I told myself in college that the sour smelling, faded t-shirts didn’t matter because I was going to sweat anyway. It was the same argument I used about fancy underwear. If no one else was going to see it, why should I care? It seemed I had forgotten a lesson from ten years earlier. When I first returned from Peace Corps, I had bought a new pair of tennis shoes, surprising myself that I would buy something blatantly feminine with pink on it. Fifteen years later I was throwing bags on my dad’s fire pile that were to be replaced by splashy sports bras with coloring like fireworks, ripples in the rain, and of course one was bright pink, trimmed in deep purple. I was also definitely leaning towards the tanks with motivational phrases like “Good things come to those who sweat.” Seeing myself reflected in the various gym mirrors every day mattered as a different kind of learning community all together where I could confront assumptions. Someone had to be an expert on who I was.

A year later, in between jobs, I work a few spare hours as a substitute at my local library. Last Friday I settled into the spinning chair behind the Children’s Desk. Waiting for the storytime with the four year olds and their accompanying adults, my coworker and I flipped through the book selected by the librarian. It was a simplified graphic novel, one of a series based around traditional fairy tales retold in a modern way.

“Who’s the main character?” I asked.

“She’s really athletic, but her name is Pink and she hates it. It’s interesting though, how the fairy tale perspective is shifted.”

“Seems extreme to me though,” I suggested flashing back to my own aversion of pink and what wearing it might say about me. Surely I should buy colors with less gender baggage. “There’s nothing in the middle you know,” I continued, my eyes flashing to my own niece, almost three. Her dad wants to put her in martial arts. Her mother doesn’t want her to be butch. She would probably end up in gymnastics as a compromise.

Words from my gym trainer rang in my head. “There isn’t right or wrong, just different objectives,” Chris had clarified during a Piloxing workout where some of us, probably me, were jumping instead of balancing on the weight supporting length. “One is strength.
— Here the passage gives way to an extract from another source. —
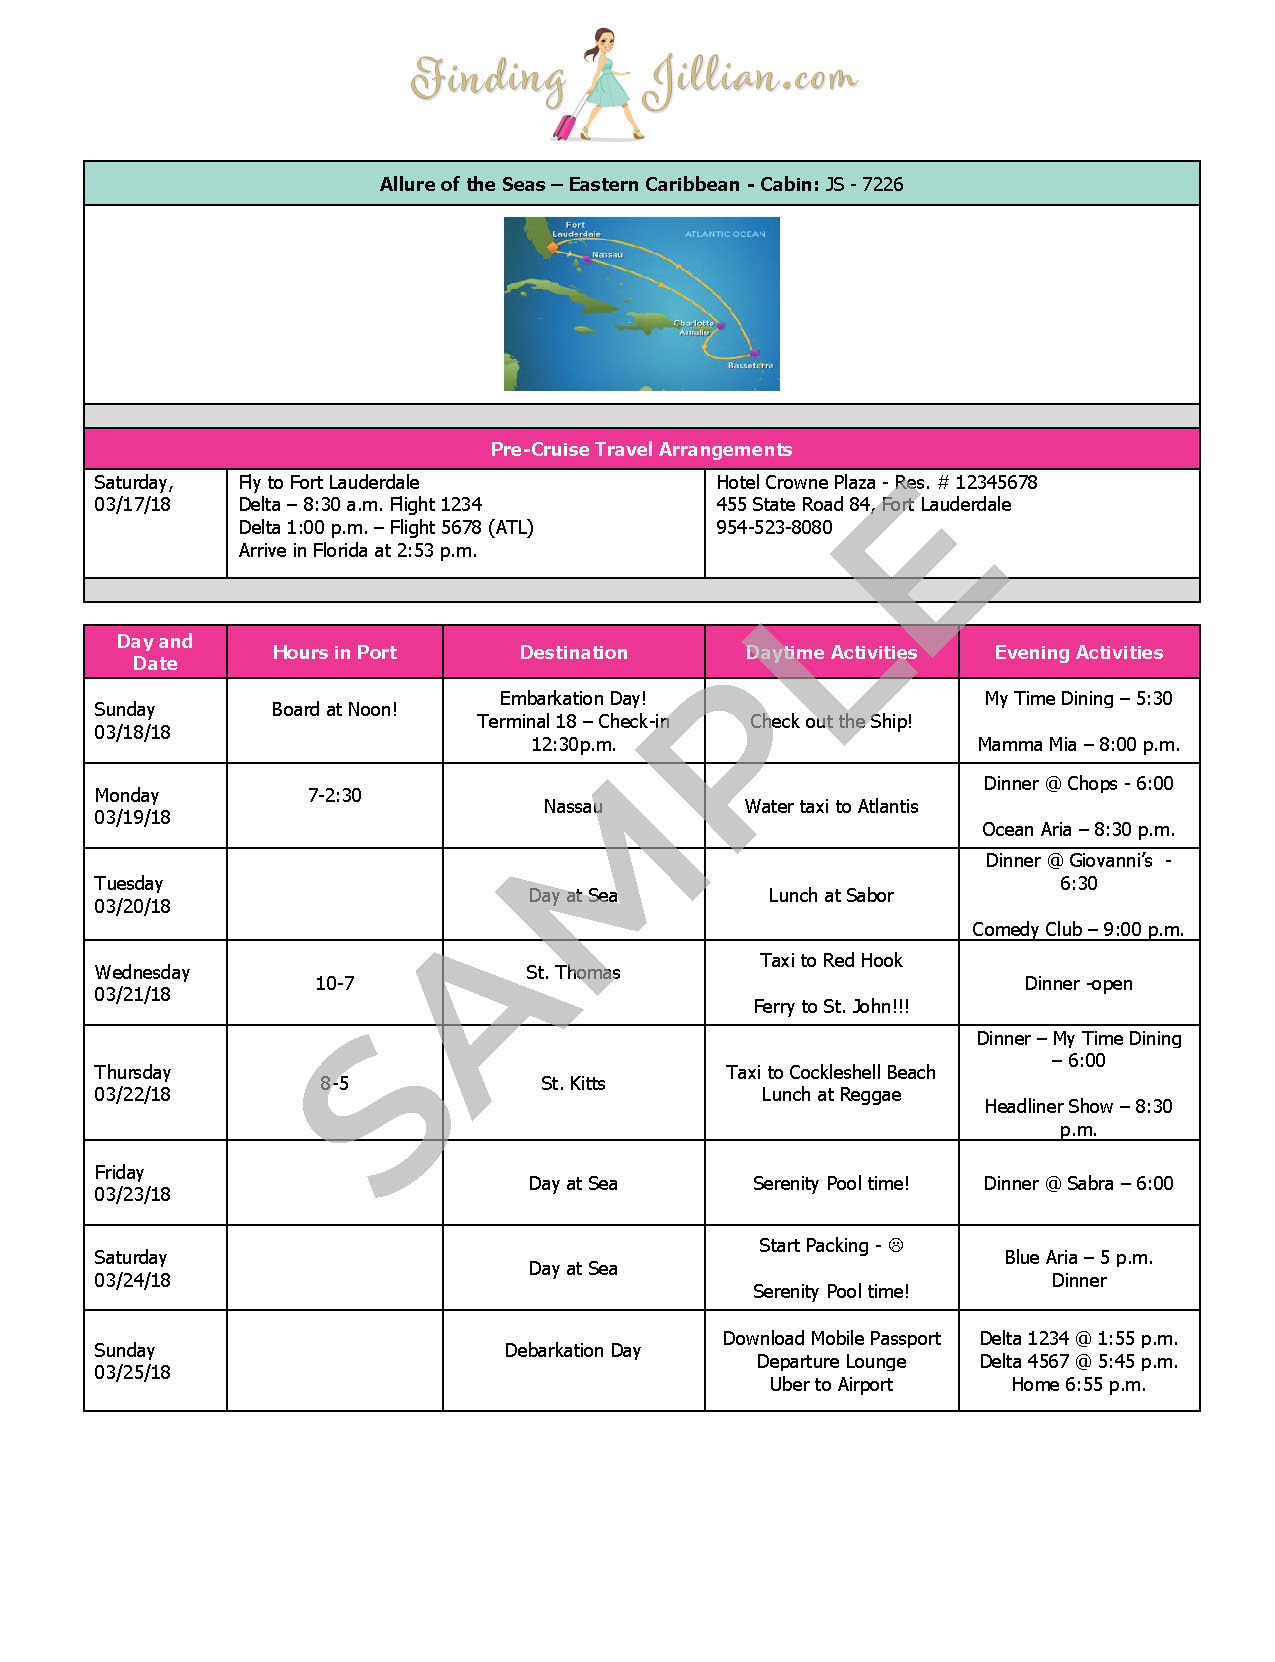 cruise itinerary for royal caribbean

The other plyo.”

Back when I thought education was classroom specific, my Master’s thesis on the cultural mismatch problematic in education was the beginning of a personal investigation on the gap between absolutes that I so often read when terms like “culture” or “diversity” were applied. In my professional life, primarily in nonprofits that found me teaching in a variety of contexts, I tired of terms used to name and understand groups in a homogeneous way. But it took three separate teaching and learning lives in Guatemala plus the gym to understand that “diversity” wasn’t just about middle class or white for me, but woman all together.

“Belonging” is never obvious nor attributed through assumed characteristics in common. My journey to Guatemala and interaction with women there was a means to discover and “see” known and unknown womanhood, embracing a horizon that taught me going far only allows us to see that which is near, up close. Why did I feel guilty in high school for not pursuing math and science and “helping” forward my gender as a smart, motivated woman? Why did I avoid pink? My search professionally has been for a means in which both my students and coworkers can belong to the same community that we create together. Diverse books may raise awareness of how people live and interpret their world, but the nuance of gray area between named groups is what I strive to illustrate today. I think diversity, unassuming and living in the everyday, is the underrepresented viewpoint I strive to bring forward, wearing pink or gray, or both, if I want.